The highly polarized electron distribution of DNA enables a much stronger Li+–dipole interaction than that of BA or conventional ether solvents. This effect is quantitatively reflected in the density functional theory (DFT)-calculated induced dipole moments of Li+-coordinated molecules (Fig. 1d). Upon binding with a single Li+, 1,3-dioxolane (DOL), 1,2-dimethoxyethane (DME) and BA exhibit induced dipole moments of 1.49, 1.85, and 2.02 debye, respectively, whereas DNA reaches a significantly larger value of 4.36 debye. These results indicate that DNA can effectively dominate the interfacial solvation environment, partially replacing solvent molecules in the primary solvation shell and facilitating fast Li+ transport at the LATSP surface. DFT calculations further reveal the energetic preference for Li+ adsorption on the LATSP@DNA interface. Compared with Li+ binding on the pristine LATSP surface (−3.22 eV), Li+ coordination to the –NO2 group of DNA exhibits a significantly more negative binding energy (−3.77 eV) (Fig. 1e), indicating stronger ion–dipole interactions and a thermodynamically favored interfacial migration pathway. This strengthened interaction provides a molecular driving force for rapid interfacial Li+ transport and contributes to uniform ion flux distribution during cycling.

The ion-transport properties obtained from experimental characterization corroborate the theoretical predictions. The PP@LATSP@DNA (PPLD) separator was fabricated through a facile, scalable process compatible with industrial production, yielding a uniform ∼2 µm LATSP@DNA coating on the PP substrate (Fig. S2 and S3). XPS analysis confirms the successful grafting of DNA—evidenced by O–C[double bond, length as m-dash]O, C–F, and –NO2 signals—demonstrating effective molecular modification of the LATSP surface (Fig. S4). As shown in Fig. 1f (detailed values are listed in Table S1), the pristine PP and PP@LATSP (PPL) separators exhibit ionic conductivities of 0.308 and 0.359 mS cm−1, respectively, whereas PPLD reaches 0.517 mS cm−1 with an elevated tLi+ of 0.646 (vs. 0.371 for PP and 0.415 for PPL). To decouple bulk transport in ceramic electrolytes, PP@Al2O3 (PPA) separator was examined. Although PPA shows lower conductivity (0.243 mS cm−1), PP@Al2O3@DNA (PPAD) separator increases this value to 0.411 mS cm−1, confirming that DNA universally enhances Li+ transport at ceramic/liquid electrolyte interfaces. In contrast, PP@LATSP@BA (PPLB) separator delivers only 0.227 mS cm−1, a tLi+ of 0.297, and a Li+ conductivity of 0.067 mS cm−1, highlighting the superiority of the high-dipole DNA molecule. Among all samples, PPLD achieves the highest Li+ conductivity of 0.334 mS cm−1, highlighting its strong ion–dipole interaction capability and superior interfacial regulation efficacy. EIS measurements were conducted on SS‖SS symmetric cells using PPL and PPLD separators from 30 °C to 70 °C, and the activation energy (Ea) was calculated from the Arrhenius plots (Fig. 1g and Table S2). The PPLD separator delivers a lower activation energy (0.09 eV) than PPL (0.14 eV), indicating a reduced barrier for Li+ migration and faster interfacial transport kinetics.

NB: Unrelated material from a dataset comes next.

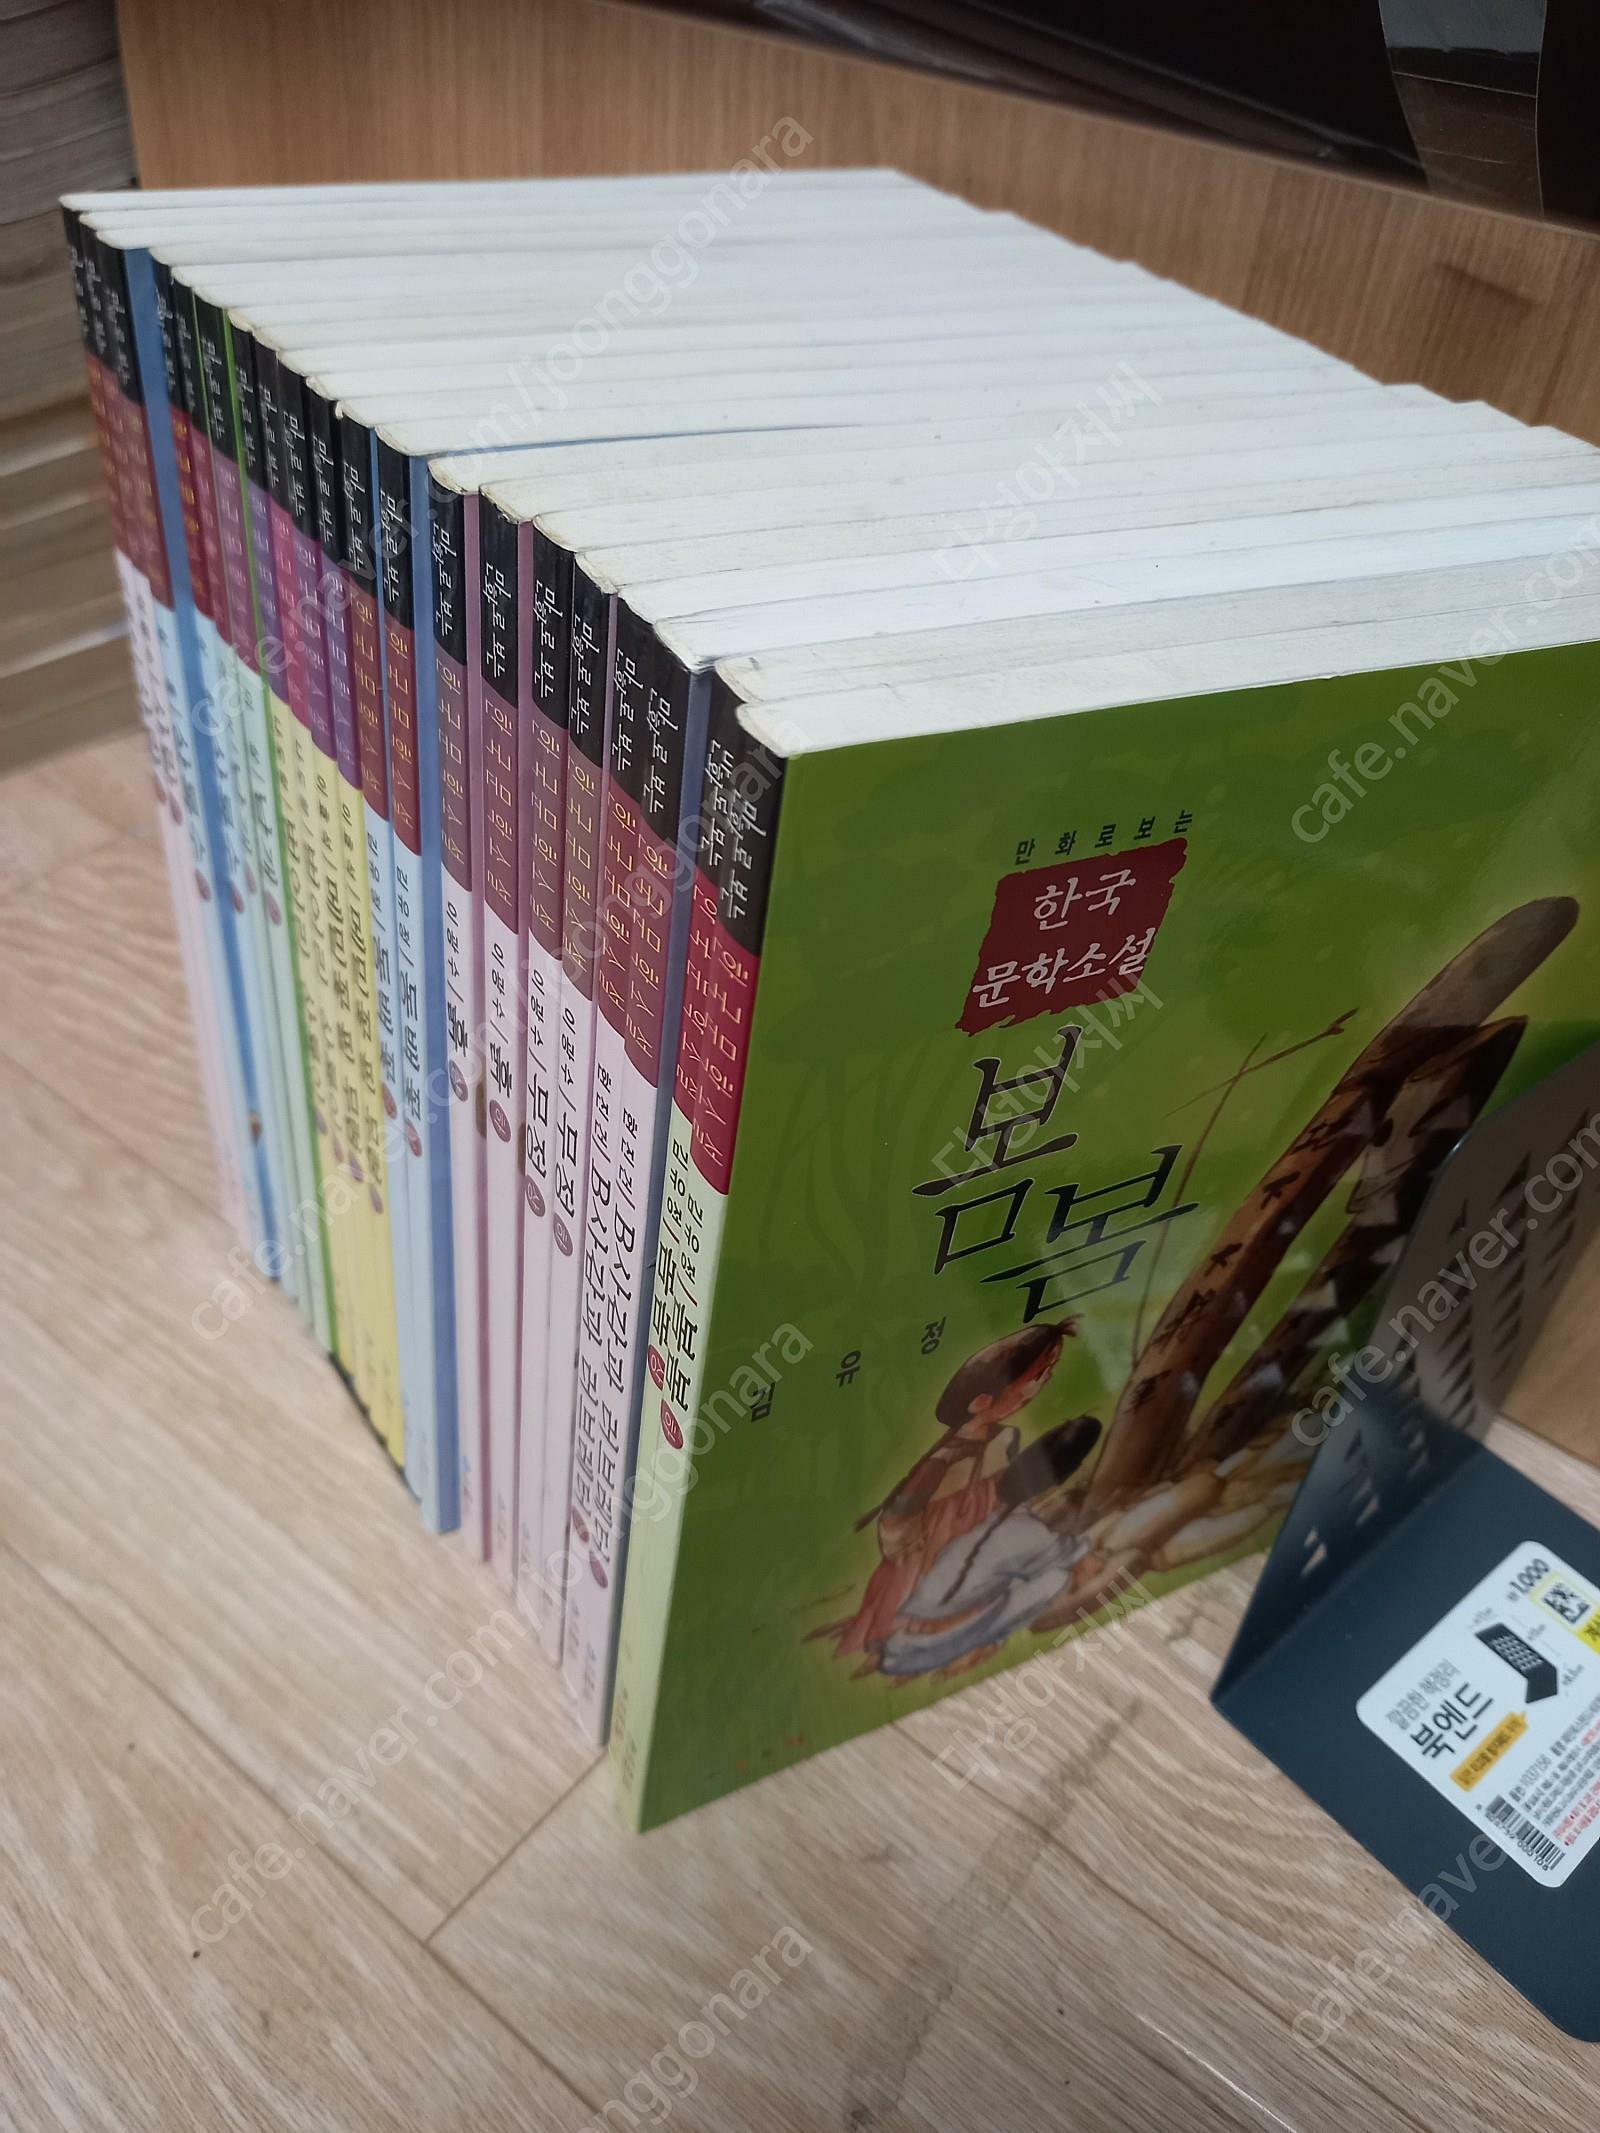 [중고] 만화로 보는 한국문학소설 20권 세트/샘 출판,희귀/ 배송비 포함 팝니다

Overall, these theoretical and experimental results jointly demonstrate that the incorporation of DNA establishes a dipole-mediated, partial-solvation environment at the LATSP interface. This interfacial regulation lowers the Li+ migration barrier, strengthens Li+ solvation on LATSP, and accelerates surface ion conduction, collectively enabling fast, uniform, and energetically favorable Li+ transport, which is crucial for stable Li metal operation.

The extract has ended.